A experiência em organização de grandes grupos a fez, na manhã seguinte, retornar ao local e sugerir à Defesa Civil um formato de distribuição das doações. Acabou convidada pelos organizadores para coordenar a área de separação do material doado. Nos 20 dias subsequentes, cancelou compromissos e mergulhou no trabalho social. A dedicação exclusiva lhe consumiu seis quilos. Ouvir e ver as histórias de quem perdeu todos os bens materiais a abalou emocionalmente. O cansaço psicológico, ela diz, foi bem maior do que o físico.
Mesmo depois do fim das chuvas e do trabalho voluntário, Nara seguiu ajudando as famílias. E se apegou às crianças. Em novembro daquele ano, ela lançou na sua página de Facebook uma postagem pedindo presentes de Natal para os pequenos. O resultado superou as expectativas: Nara recolheu 500 brinquedos. Com a ajuda de amigos, garantiu o transporte para distribuir as doações no dia 22 de dezembro. O sorriso de uma das crianças contempladas naquela tarde inspirou o nome do projeto. Desde então, Nara jamais parou de ajudar o próximo.
– O propósito é quebrar o paradigma de que não se consegue fazer porque não se tem uma casa com espaço, porque não se tem um carro ou tempo. Se as pessoas soubessem o que podem fazer com o tempo que têm... – resume.

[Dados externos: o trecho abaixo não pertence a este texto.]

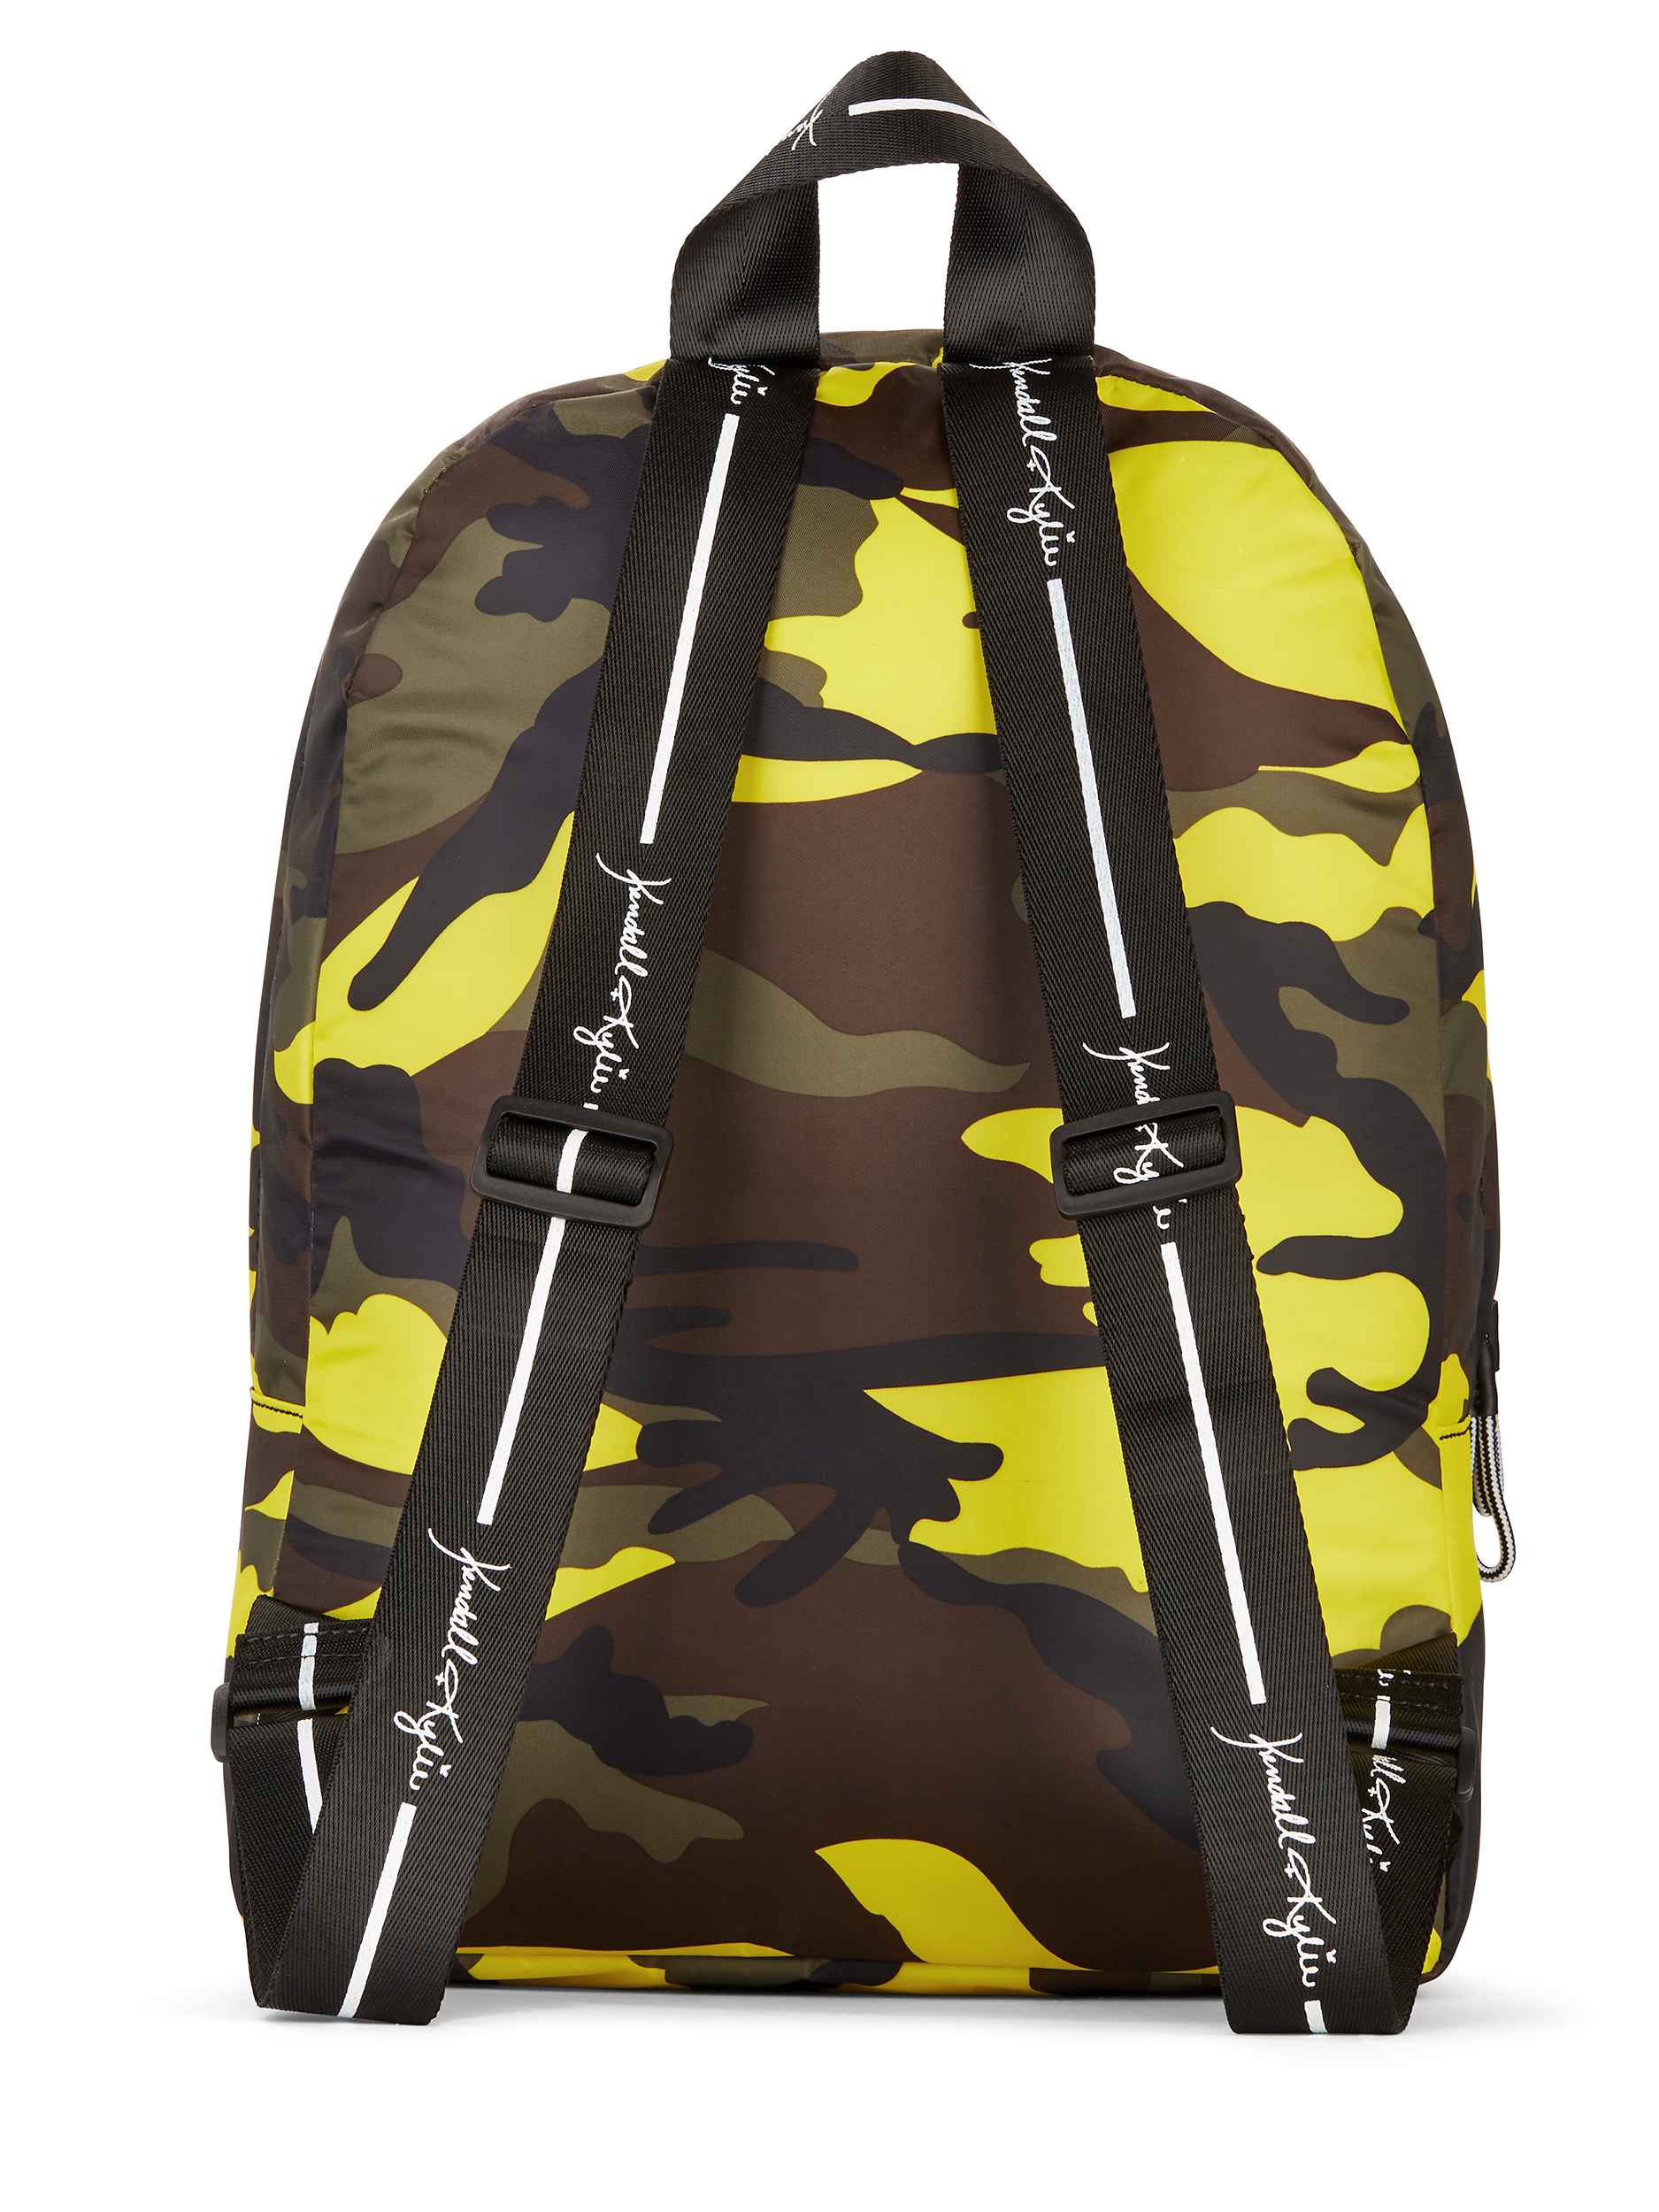 Kendall + Kylie for Walmart Multi Camo Large Backpack - image 5 of 5
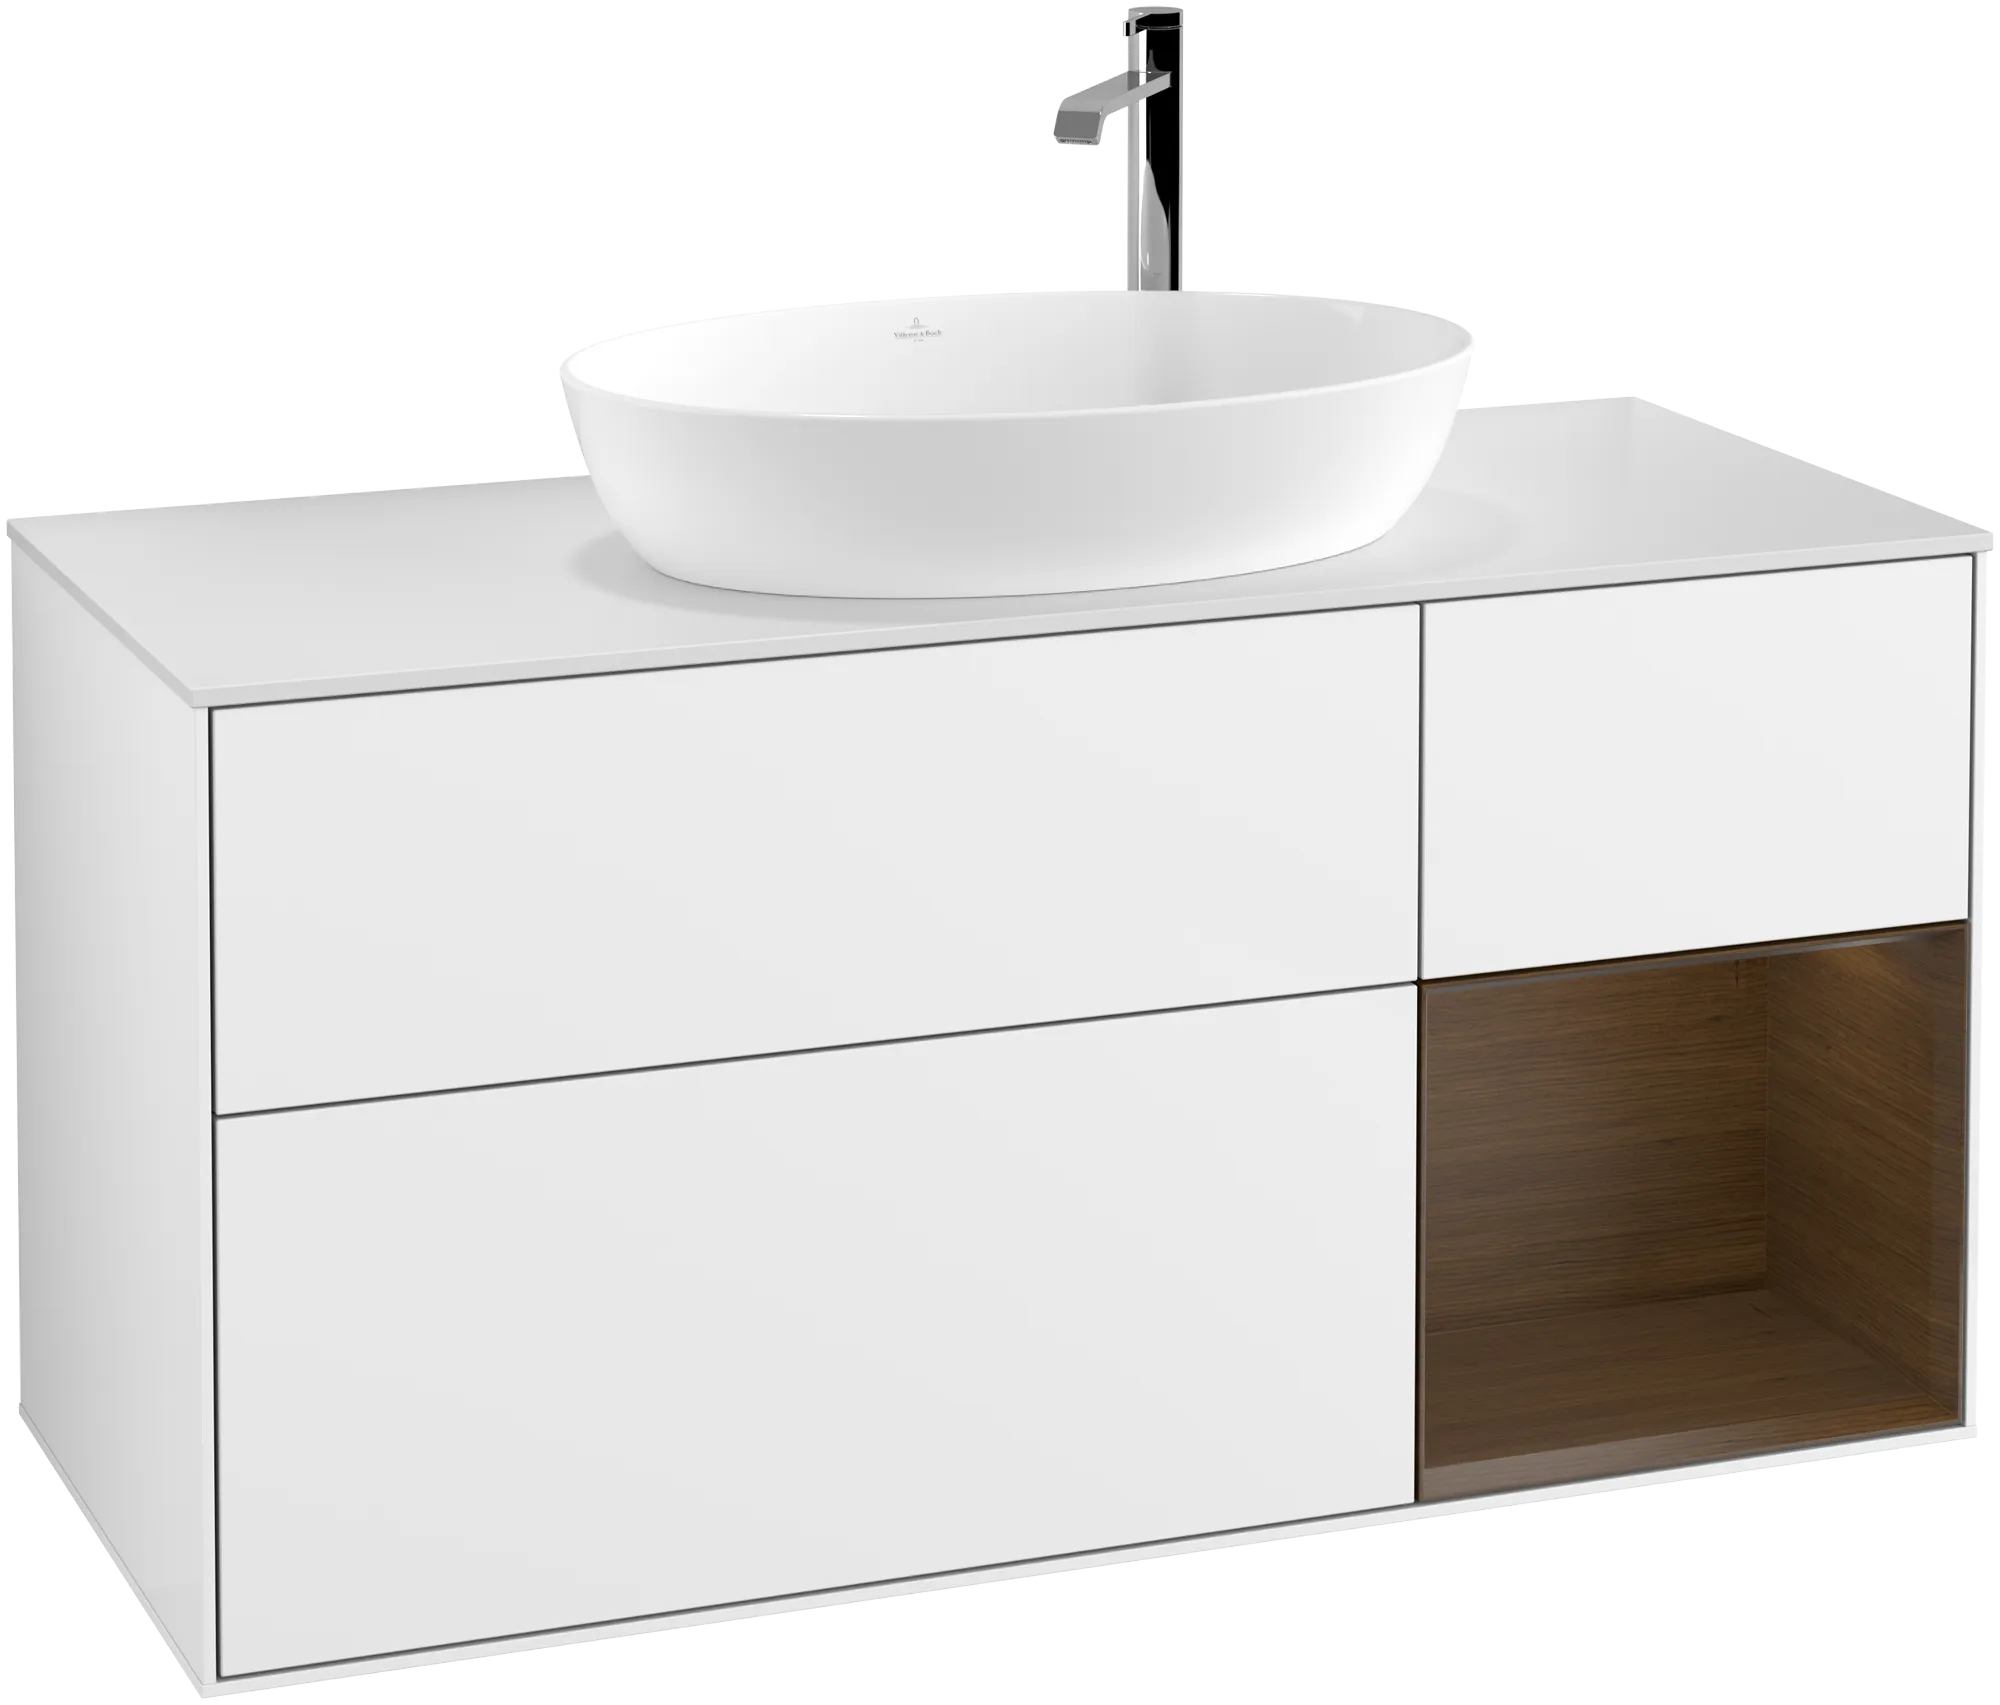 VILLEROY BOCH Finion Vanity unit, with lighting, 3 pull-out compartments, 1200 x 603 x 501 mm, Glossy White Lacquer / Walnut Veneer / Glass White Matt #G951GNGF resmi

No início do ano seguinte, entusiasmada com a possibilidade de se tornar “a ponte entre quem deseja ajudar e os que necessitam de ajuda”, como se define, Nara descobriu, após pesquisa na internet, uma região de Porto Alegre que lhe parecia adequada para receber material escolar. Voltou a mobilizar sua própria rede social. E mochilas, cadernos e outros itens foram entregues aos estudantes de uma comunidade do Morro Santa Teresa. Na Páscoa, por indicação de uma amiga, arrecadou chocolates e os distribuiu às crianças da Vila Nazaré, na Zona Norte.
O mesmo ocorreu no Dia das Crianças, quando centenas da Vila das Antenas, em Cachoeirinha, na Região Metropolitana, foram presenteadas. A cada nova ação, a rede foi ganhando adeptos, até Nara perceber a necessidade de criar uma página especialmente para comunicar as iniciativas. Hoje, o Criança Mais Feliz tem logotipo e rede social própria no Facebook (com mais de 1, 7 mil seguidores) e no Instagram e vai além das ações com datas previstas. Uma das estratégias é a de atender comunidades que não são auxiliadas por outros grupos de voluntários. Antes das ações, o material recebido passa por uma inspeção minuciosa da produtora audiovisual. Se for usado e estiver sujo, mas em bom estado, é lavado por ela. As roupas de bebê são, inclusive, passadas por Nara.
Os brinquedos ficam separados em caixas identificadas pelas idades dos presenteados. Nada sai da casa da organizadora sem estar embalado para presente. Até a data da entrega, os embrulhos são abertos mais de uma vez por ela por temer o risco de trocar as embalagens. O contato com a comunidade a ser contemplada é feito desde meses antes das entregas. Nara costuma acionar lideranças locais responsáveis por cadastrarem as crianças, com nomes e idades, e os responsáveis de cada uma delas. É a partir dessa lista, controlada pela própria criadora da iniciativa, que as entregas são estabelecidas.
Além do trabalho como produtora audiovisual, Nara tornou o projeto parte fundamental da própria vida. Em períodos de mobilização, as 24 horas do dia se tornam insuficientes para cumprir a agenda de arrecadações e entregas. No Natal de 2017, por exemplo, ficou 36 horas sem dormir, tamanha a quantidade de tarefas desempenhadas.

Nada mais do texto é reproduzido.